In its first session dedicated solely to planning for spending $74 million in bond funding — which also includes $32 million for transportation infrastructure and $17 million for parks and recreation — City Council agreed with a plan advanced by Assistant City Manager Cathy Ball to consider two other properties alongside the 7.5-acre South Charlotte Street site for developing affordable housing.

One of the properties, 319 Biltmore Ave. (the former location of Matthews Ford), is owned by Duke Energy. City Council agreed last April to enter into a Memorandum of Understanding with Duke Energy for the 5.5-acre parcel. The agreement gives the city the option to purchase the land for $5.3 million, the same price Duke paid for it, for a period of eight years.
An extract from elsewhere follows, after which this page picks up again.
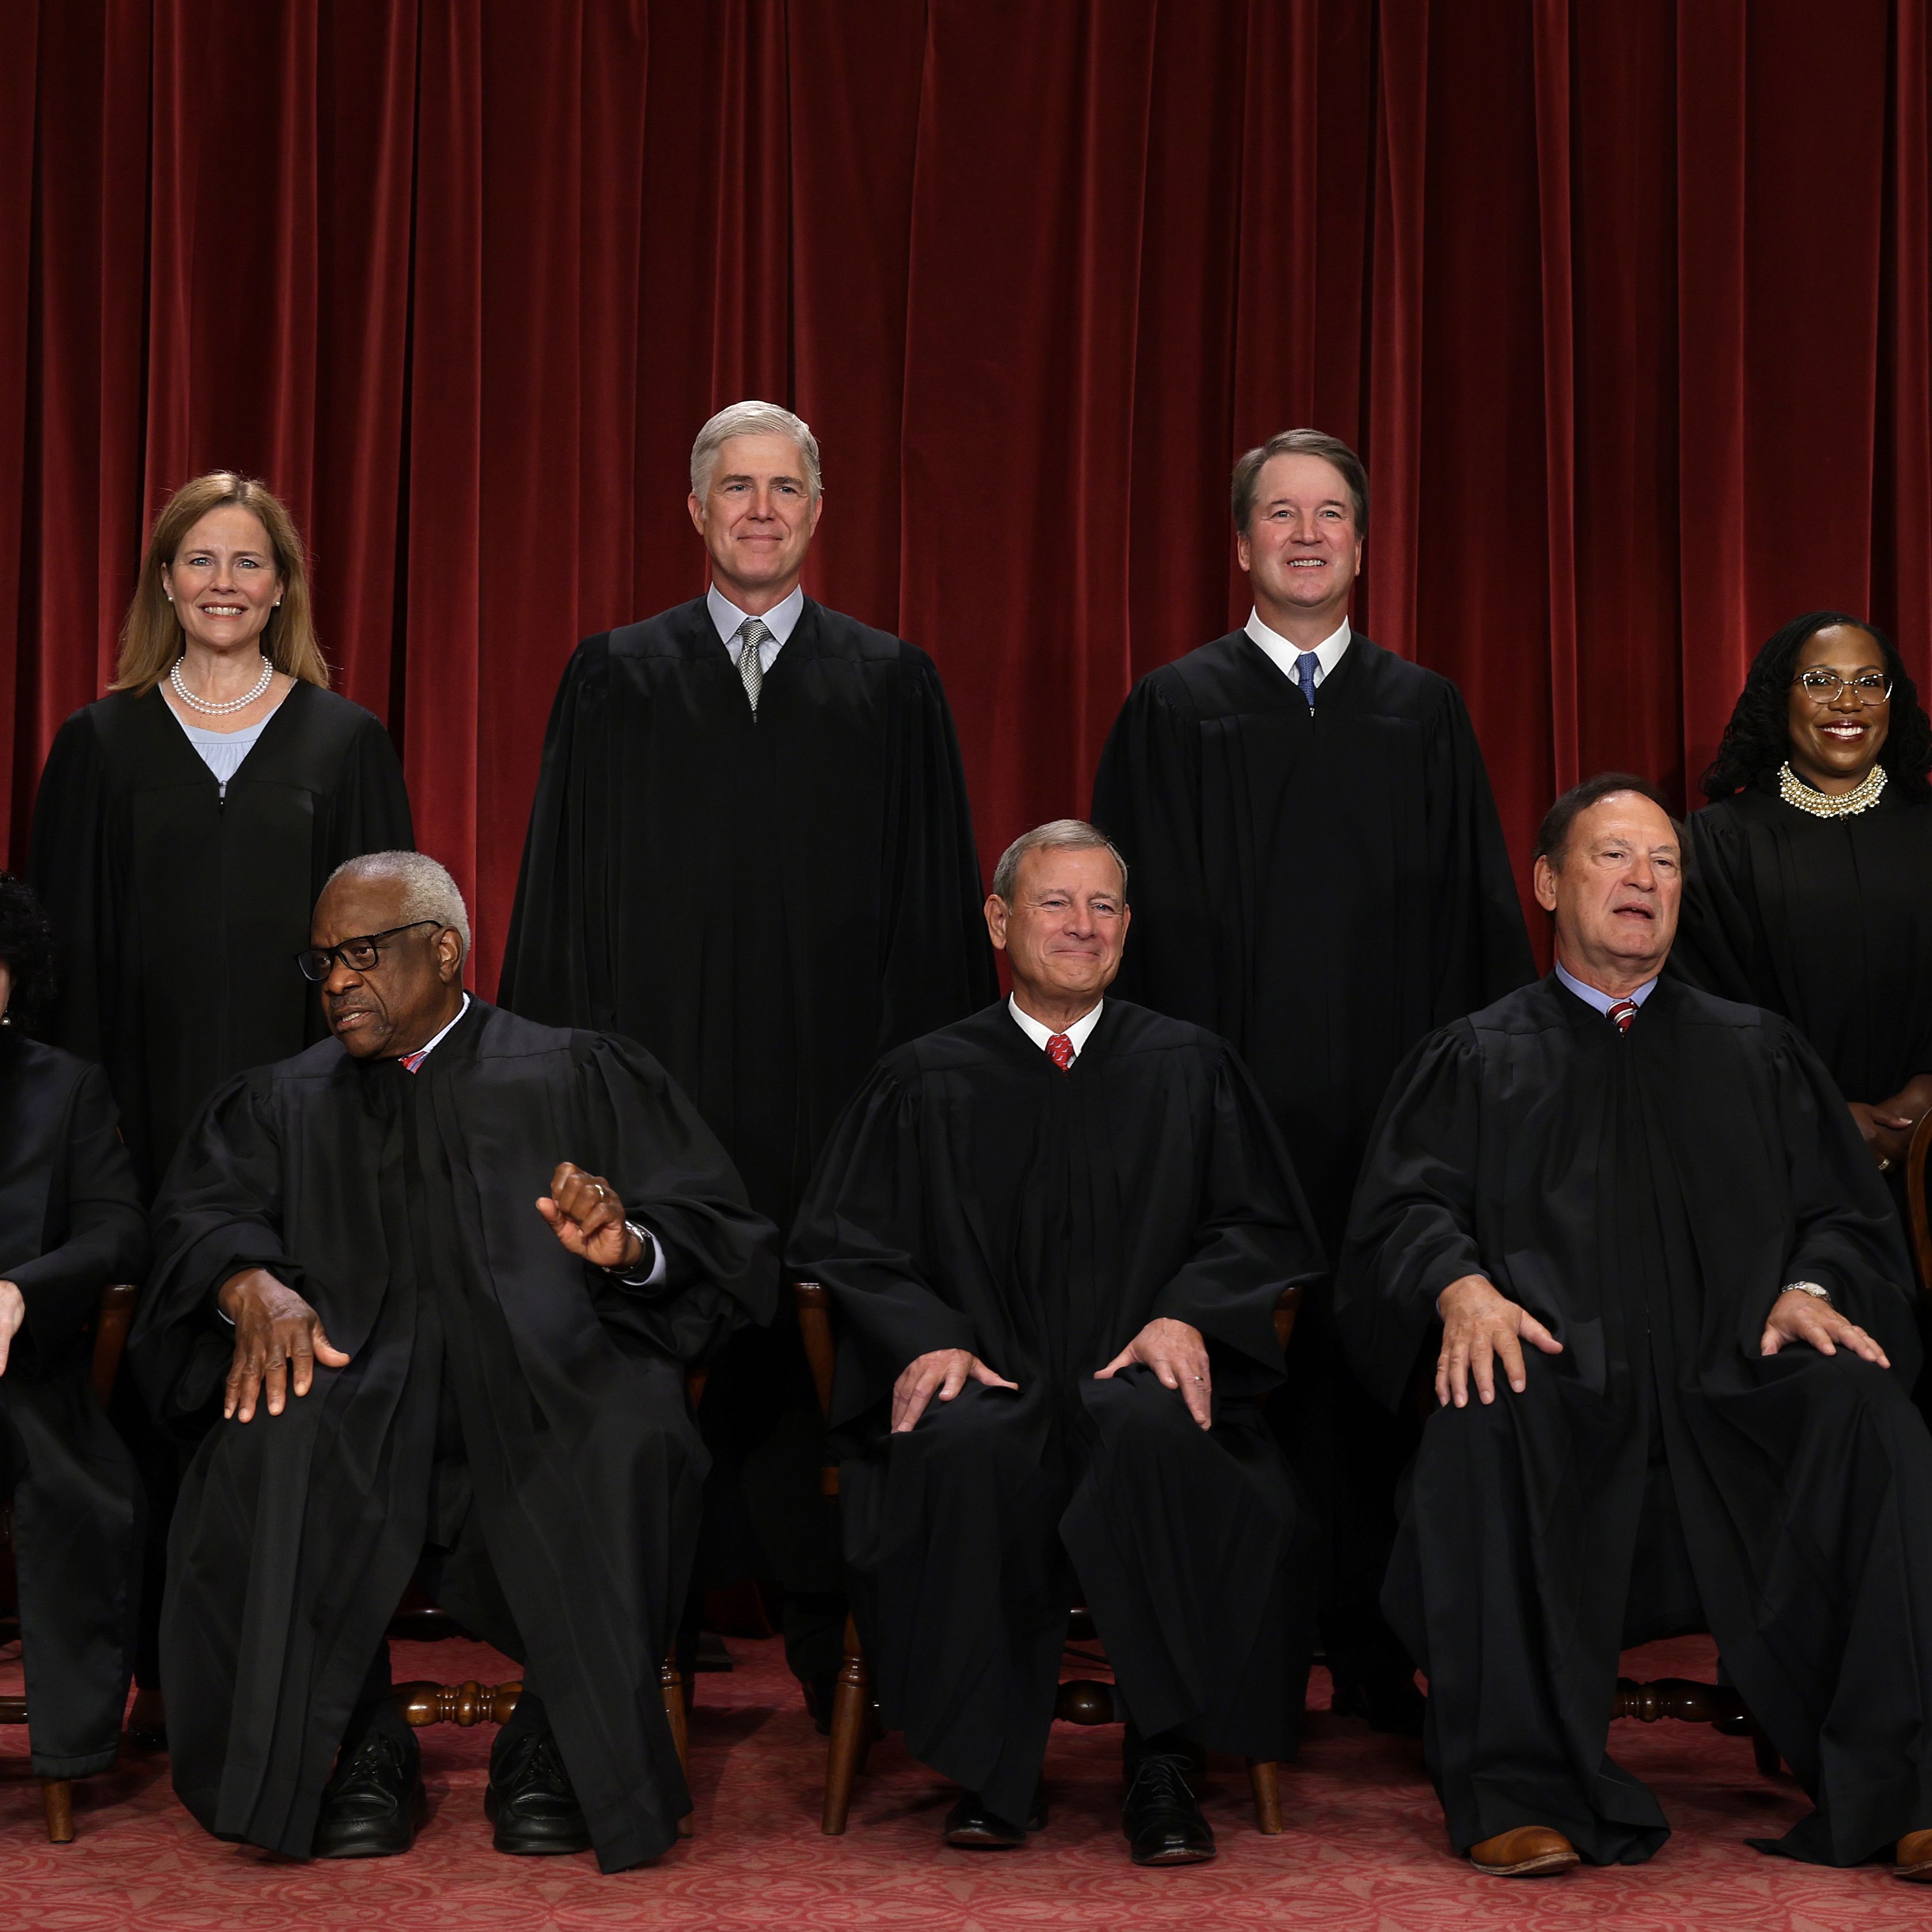 How to Carefully Manufacture a Supreme Court That Will Get YOU Results

The property sits next to the Lee Walker Heights public housing neighborhood, which the Housing Authority of the City of Asheville hopes to redevelop in partnership with Mountain Housing Opportunities.

The third site, located at 81 and 91 Riverside Drive, occupies about two acres. Developing that site, remarked Council member Gordon Smith, would address some of the issues identified by the city’s 2014 Alternatives to Gentrification in East of the Riverway study by providing affordable housing for artists working in the River Arts District.

The proposed studies will take about a year, Ball told Council, and will include environmental assessments, appraisals, surveys, conceptual design to determine the number of housing units each site could support, geotechnical analysis and an assessment of how developing each site would align with City Council’s strategic policy goals.

Responding to a question from Council member Cecil Bothwell, Ball said consultants would be used to complete the studies and a cost will be associated with the work. Bothwell urged Ball to consider the remaining useful life of city departments now located on the site. The Public Works operation, located south of Beaumont Street, houses garbage trucks and other equipment and has another 20 years of useful life, Ball said. The city’s Fleet Management operation, located between the Public Works garage and the ABC store, she said, has exceeded its useful life and no longer accommodates the city’s needs efficiently.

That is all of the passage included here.